### THE INPUT ###

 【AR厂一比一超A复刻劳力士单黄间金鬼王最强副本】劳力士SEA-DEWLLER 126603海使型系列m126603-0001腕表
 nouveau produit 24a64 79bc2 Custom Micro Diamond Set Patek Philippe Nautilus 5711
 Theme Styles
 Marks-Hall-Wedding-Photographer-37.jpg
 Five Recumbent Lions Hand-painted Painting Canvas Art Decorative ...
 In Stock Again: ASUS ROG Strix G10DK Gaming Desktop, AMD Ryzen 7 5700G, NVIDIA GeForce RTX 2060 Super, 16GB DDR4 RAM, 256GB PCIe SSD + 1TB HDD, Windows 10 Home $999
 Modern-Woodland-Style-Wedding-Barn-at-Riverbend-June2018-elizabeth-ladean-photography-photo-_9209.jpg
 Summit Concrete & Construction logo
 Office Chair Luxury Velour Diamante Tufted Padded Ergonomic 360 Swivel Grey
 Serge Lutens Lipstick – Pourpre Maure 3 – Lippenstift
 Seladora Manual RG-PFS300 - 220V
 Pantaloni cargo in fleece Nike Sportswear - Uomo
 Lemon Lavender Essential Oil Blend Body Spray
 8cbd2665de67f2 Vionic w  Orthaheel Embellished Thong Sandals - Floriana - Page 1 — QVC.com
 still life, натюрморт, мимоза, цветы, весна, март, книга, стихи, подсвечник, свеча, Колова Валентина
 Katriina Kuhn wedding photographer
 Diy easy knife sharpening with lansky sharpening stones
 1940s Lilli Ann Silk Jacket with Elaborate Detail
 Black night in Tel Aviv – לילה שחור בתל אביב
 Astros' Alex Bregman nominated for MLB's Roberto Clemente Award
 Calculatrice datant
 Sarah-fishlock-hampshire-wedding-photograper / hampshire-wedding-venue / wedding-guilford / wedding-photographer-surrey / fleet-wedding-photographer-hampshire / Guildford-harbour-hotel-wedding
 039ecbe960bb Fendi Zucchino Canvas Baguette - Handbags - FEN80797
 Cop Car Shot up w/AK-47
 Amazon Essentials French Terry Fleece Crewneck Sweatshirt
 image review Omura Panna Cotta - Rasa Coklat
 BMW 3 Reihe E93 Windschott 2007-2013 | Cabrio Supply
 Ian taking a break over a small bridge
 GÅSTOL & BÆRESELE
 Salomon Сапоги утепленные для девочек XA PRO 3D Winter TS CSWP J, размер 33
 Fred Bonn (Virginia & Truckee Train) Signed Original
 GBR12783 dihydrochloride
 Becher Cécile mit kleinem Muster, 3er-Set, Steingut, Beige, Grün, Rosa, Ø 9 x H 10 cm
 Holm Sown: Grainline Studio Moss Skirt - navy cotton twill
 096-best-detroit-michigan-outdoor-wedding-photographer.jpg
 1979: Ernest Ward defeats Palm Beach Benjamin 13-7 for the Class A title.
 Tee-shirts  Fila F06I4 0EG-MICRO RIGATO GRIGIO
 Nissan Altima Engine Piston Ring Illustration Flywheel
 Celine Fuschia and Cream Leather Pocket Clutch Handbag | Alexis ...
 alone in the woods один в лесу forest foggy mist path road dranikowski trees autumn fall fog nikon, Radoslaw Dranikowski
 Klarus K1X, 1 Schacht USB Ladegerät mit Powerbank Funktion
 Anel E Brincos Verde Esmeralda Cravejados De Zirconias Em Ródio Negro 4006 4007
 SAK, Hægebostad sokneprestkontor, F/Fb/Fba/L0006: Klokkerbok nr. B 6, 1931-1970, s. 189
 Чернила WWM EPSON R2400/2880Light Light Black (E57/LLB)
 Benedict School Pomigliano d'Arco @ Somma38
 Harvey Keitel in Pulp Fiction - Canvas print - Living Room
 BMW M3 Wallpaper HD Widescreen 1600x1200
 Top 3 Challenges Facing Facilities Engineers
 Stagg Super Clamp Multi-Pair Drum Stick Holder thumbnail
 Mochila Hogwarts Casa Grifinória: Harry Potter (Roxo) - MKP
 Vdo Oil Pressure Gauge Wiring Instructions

###

Reproduce exactly the entries above, limited to the lines from the one with "Seladora Manual RG-PFS300 - 220V" through the one with "Diy easy knife", both included.

 Seladora Manual RG-PFS300 - 220V
 Pantaloni cargo in fleece Nike Sportswear - Uomo
 Lemon Lavender Essential Oil Blend Body Spray
 8cbd2665de67f2 Vionic w  Orthaheel Embellished Thong Sandals - Floriana - Page 1 — QVC.com
 still life, натюрморт, мимоза, цветы, весна, март, книга, стихи, подсвечник, свеча, Колова Валентина
 Katriina Kuhn wedding photographer
 Diy easy knife sharpening with lansky sharpening stones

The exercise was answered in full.